WHAT TO DO:
Repeat the listing exactly, line by line, and leave the pictures behind.

DATA SHOWN:

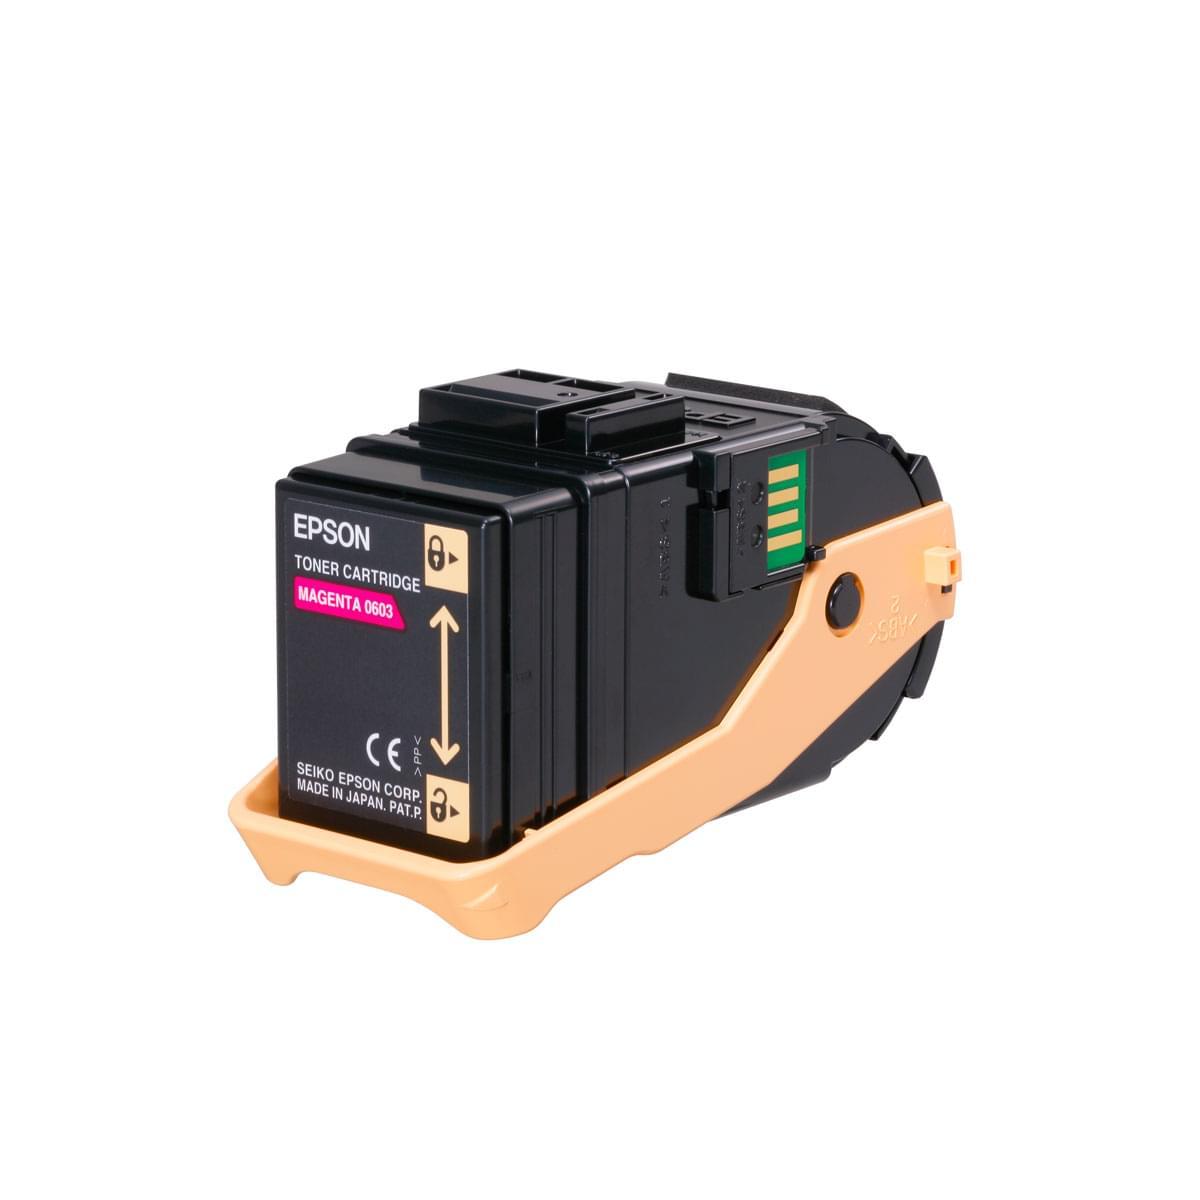 Toner Magenta 7500p - C13S050603  pour imprimante Laser Epson - 0
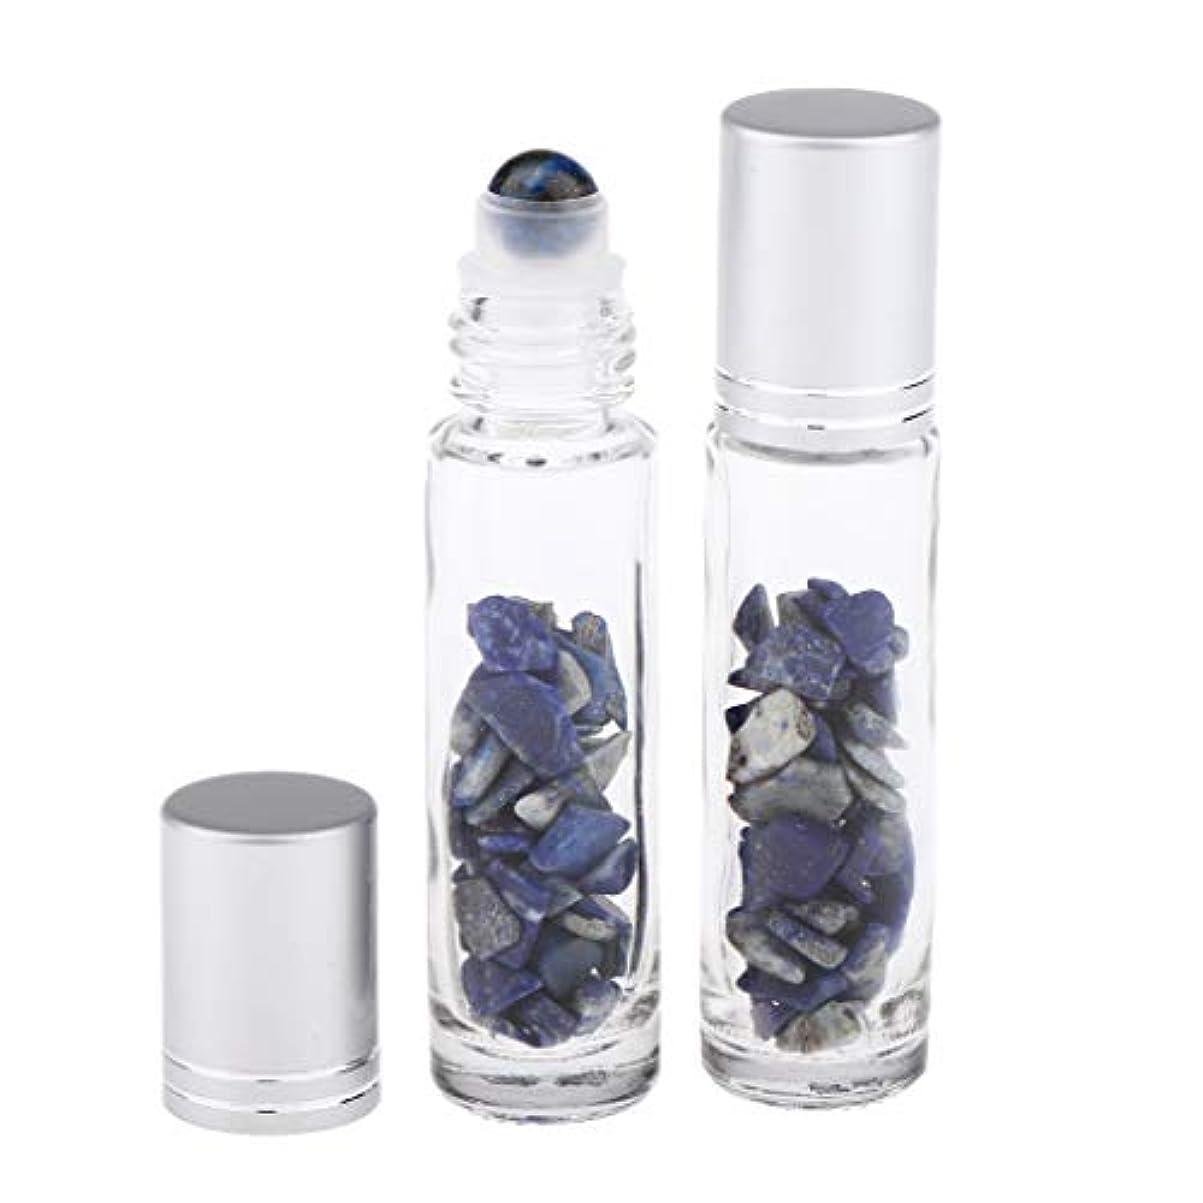 麻痺させる割れ目値Hellery 10ml ガラスボトル 香水ボトル 精油瓶 アトマイザー 詰替え ロールオンボトル 天然石 2個 - ラズライト
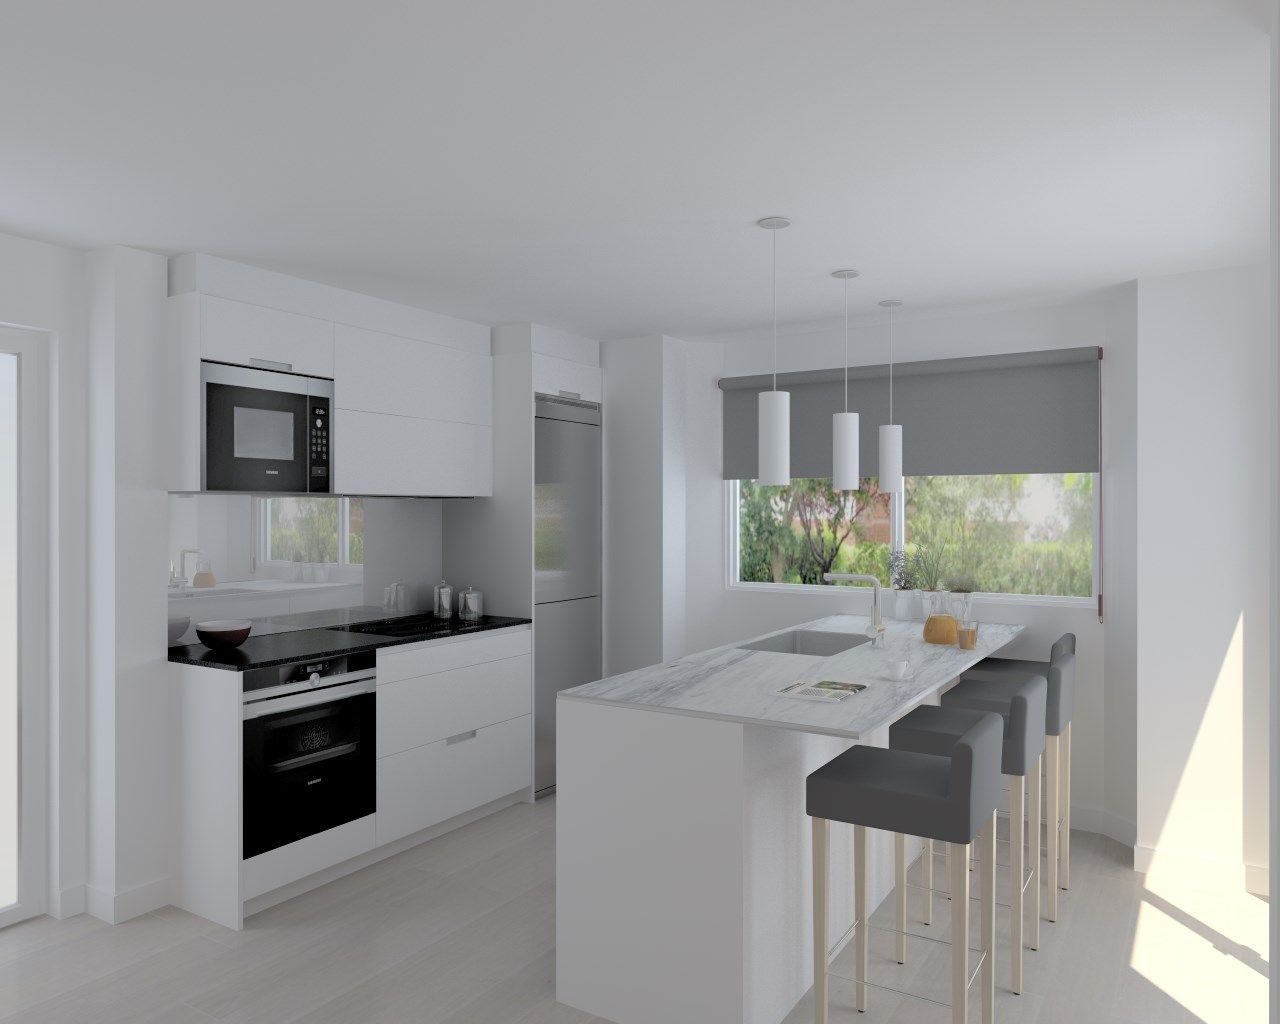 Cocina santos modelo minos laminado blanco encimera for Encimera de cocina lacada en blanco negro
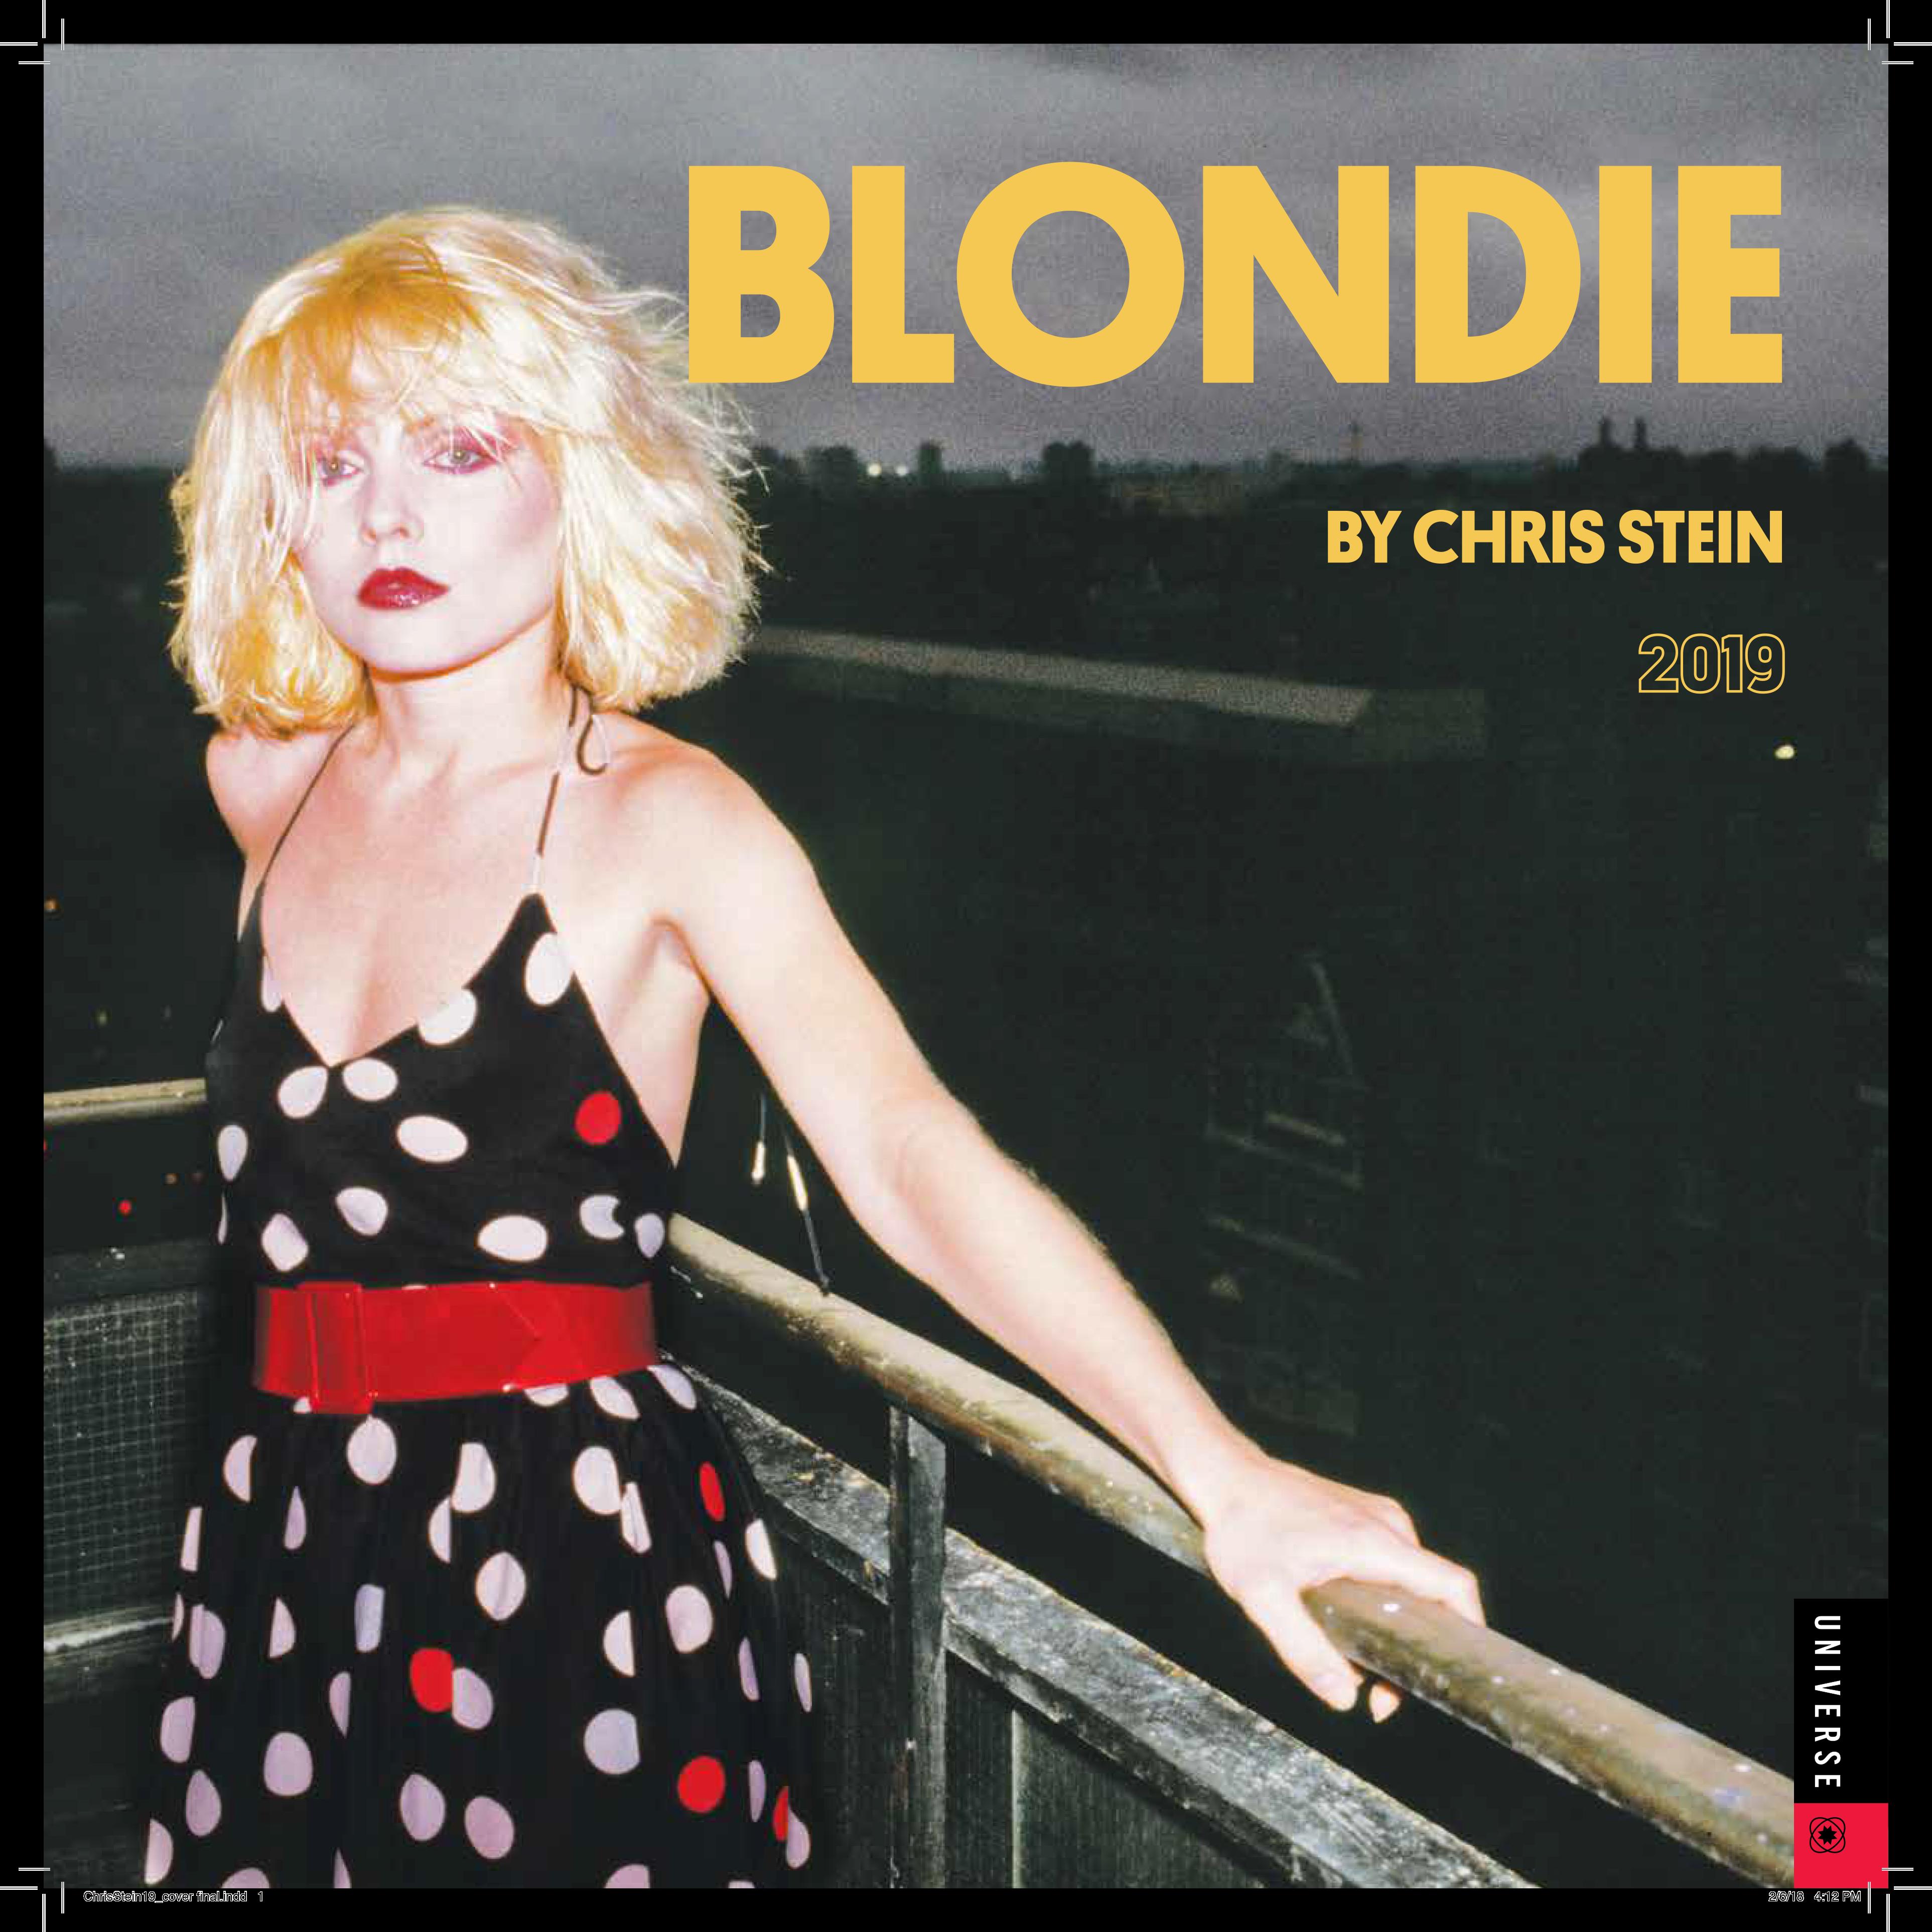 BY CHRIS STEIN CALENDAR 2019 - BlondieUS

WRITTEN ANSWER:
 Toner Magenta 7500p - C13S050603  pour imprimante Laser Epson - 0
 麻痺させる割れ目値Hellery 10ml ガラスボトル 香水ボトル 精油瓶 アトマイザー 詰替え ロールオンボトル 天然石 2個 - ラズライト
 Cocina santos modelo minos laminado blanco encimera for Encimera de cocina lacada en blanco negro
 BY CHRIS STEIN CALENDAR 2019 - BlondieUS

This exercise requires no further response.